Why are pteridophytes called the first vascular plants?

Pteridophytes are evolutionarily the first terrestrial plants to possess well-differentiated vascular tissues — xylem and phloem. These conducting tissues let them transport water and food efficiently and support a true root, stem and leaves, which bryophytes and algae lack.

What is a prothallus in pteridophytes?

The prothallus is the gametophyte of a pteridophyte — an inconspicuous, small, multicellular, free-living and mostly photosynthetic thalloid body that develops when a spore germinates. It bears the antheridia and archegonia and needs cool, damp, shaded conditions to survive.

What is the difference between homosporous and heterosporous pteridophytes?

Homosporous pteridophytes produce only one kind of spore, as in most ferns, Lycopodium and Equisetum. Heterosporous pteridophytes produce two kinds of spores — large megaspores and small microspores — as in Selaginella and Salvinia, which germinate into female and male gametophytes respectively.

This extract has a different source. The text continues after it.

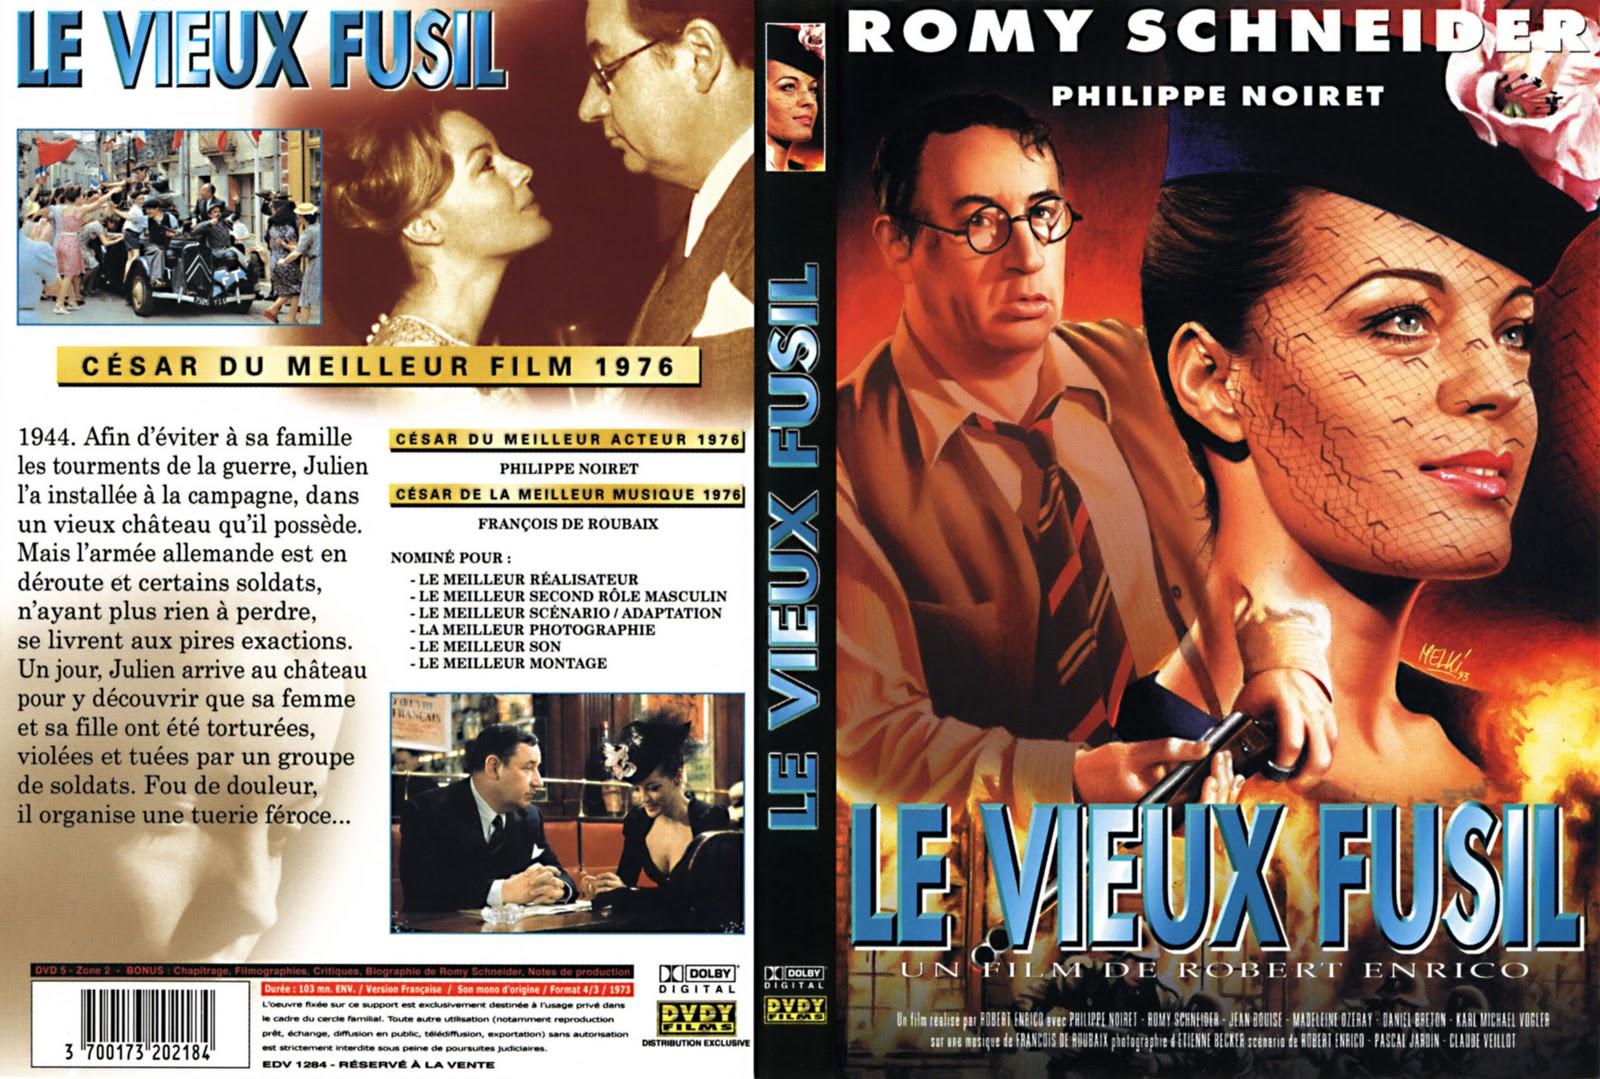 http://3.bp.blogspot.com/_psfONwcvHlM/TK47FmQiJfI/AAAAAAAADUc/9ne5wEsfJE4/s1600/Le_vieux_fusil-19513601022008.jpg

Why is heterospory considered a precursor to the seed habit?

In heterosporous pteridophytes the female gametophyte is retained on the parent sporophyte and the zygote develops into a young embryo within it. This retention and protection of the developing embryo on the parent plant is the precursor to the seed habit, an important step in plant evolution.

Why do pteridophytes still need water for fertilisation?

The antheridia release motile antherozoids, the male gametes. Water is required to carry these antherozoids to the mouth of the archegonium so they can fuse with the egg. This dependence on external water, like in bryophytes, restricts pteridophytes to moist, shaded habitats.

How is the dominant phase of pteridophytes different from that of bryophytes?

In pteridophytes the dominant, conspicuous phase is the diploid sporophyte with true root, stem and leaves; the gametophyte (prothallus) is small and independent. In bryophytes the dominant phase is the haploid gametophyte, and the sporophyte stays attached to and dependent on it.